Available data START

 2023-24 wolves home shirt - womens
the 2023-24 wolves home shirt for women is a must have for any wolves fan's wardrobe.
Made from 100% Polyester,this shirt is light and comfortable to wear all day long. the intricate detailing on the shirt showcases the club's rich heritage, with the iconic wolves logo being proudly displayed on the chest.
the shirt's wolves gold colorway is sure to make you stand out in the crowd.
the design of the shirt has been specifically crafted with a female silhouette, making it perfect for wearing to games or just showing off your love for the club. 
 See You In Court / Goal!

Available data END
Available data START

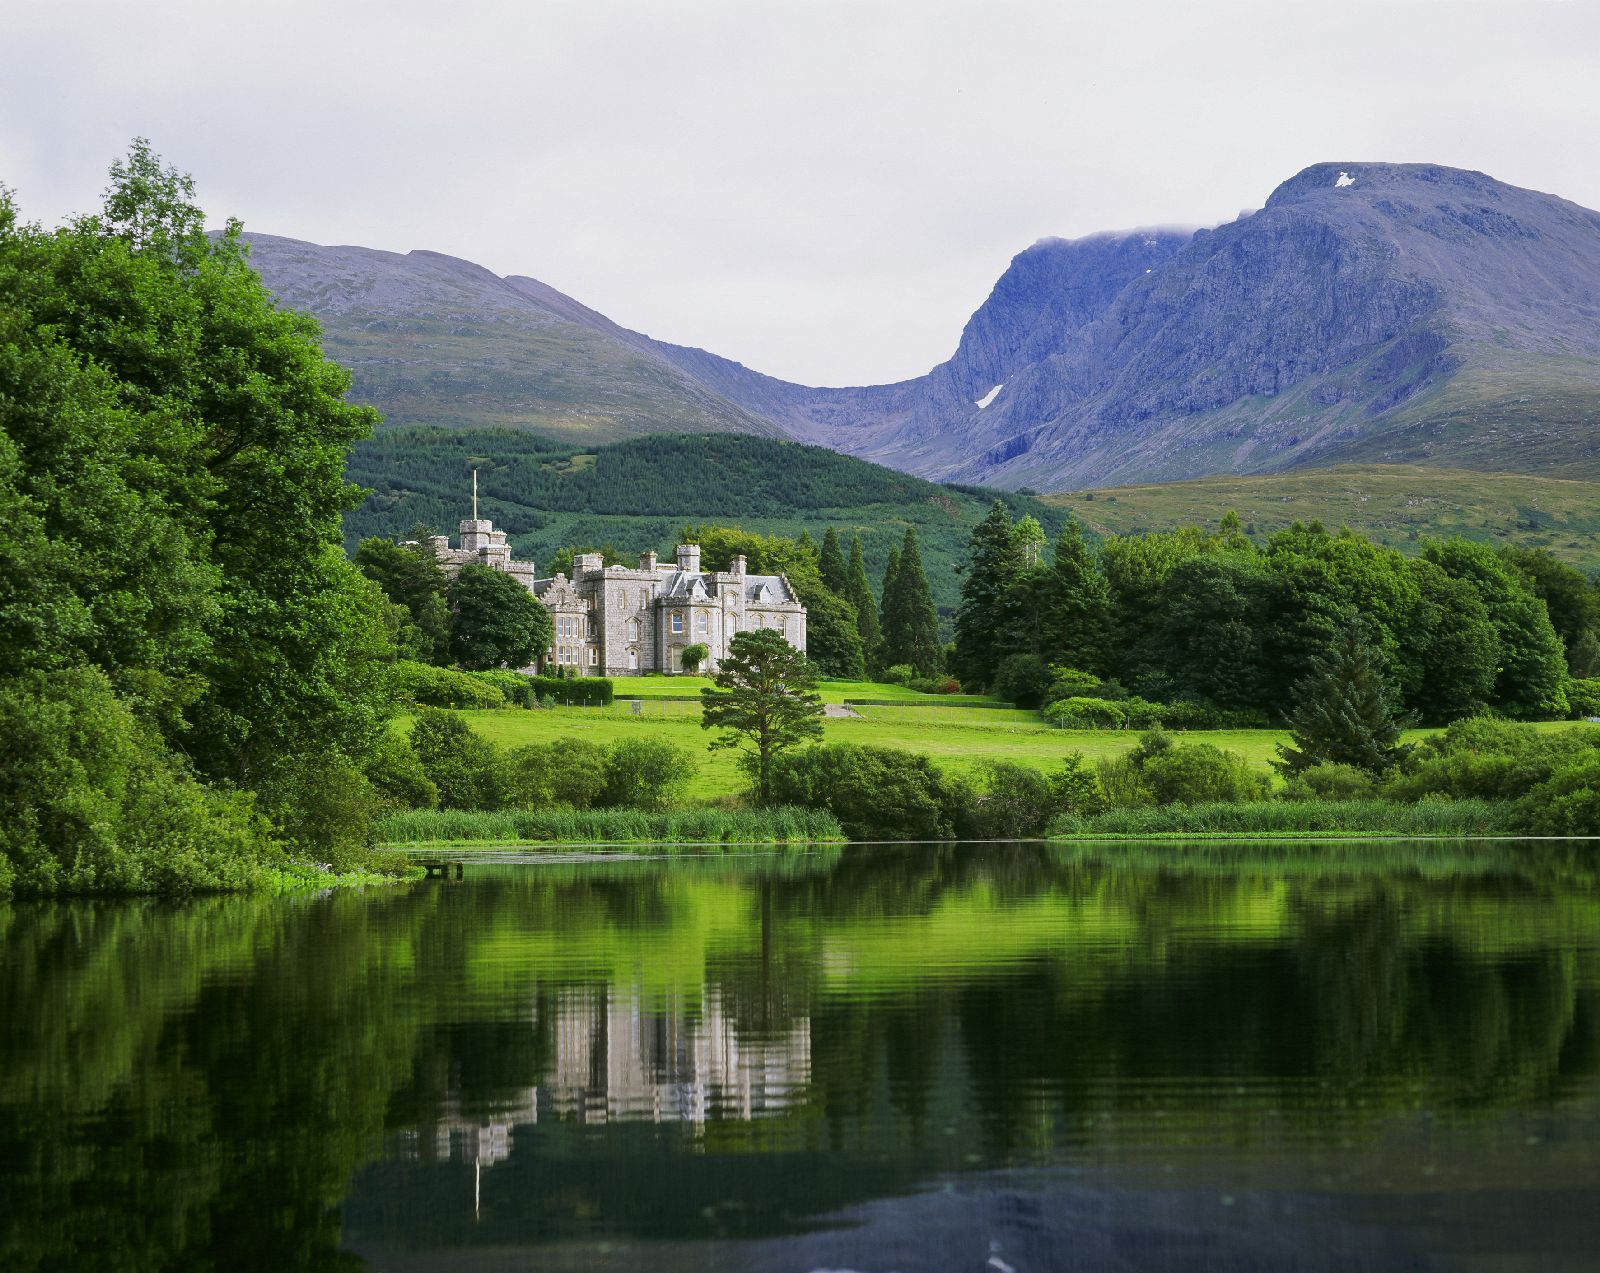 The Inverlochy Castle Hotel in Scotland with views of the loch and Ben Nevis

Available data END

> [Work instruction]
Among the records above, only the lines between the line holding "2023-24 wolves home shirt - womens" and the line holding "the shirt's wolves", inclusive, are to be output, exactly as written.

> [Solution to this exercise]
 2023-24 wolves home shirt - womens
the 2023-24 wolves home shirt for women is a must have for any wolves fan's wardrobe.
Made from 100% Polyester,this shirt is light and comfortable to wear all day long. the intricate detailing on the shirt showcases the club's rich heritage, with the iconic wolves logo being proudly displayed on the chest.
the shirt's wolves gold colorway is sure to make you stand out in the crowd.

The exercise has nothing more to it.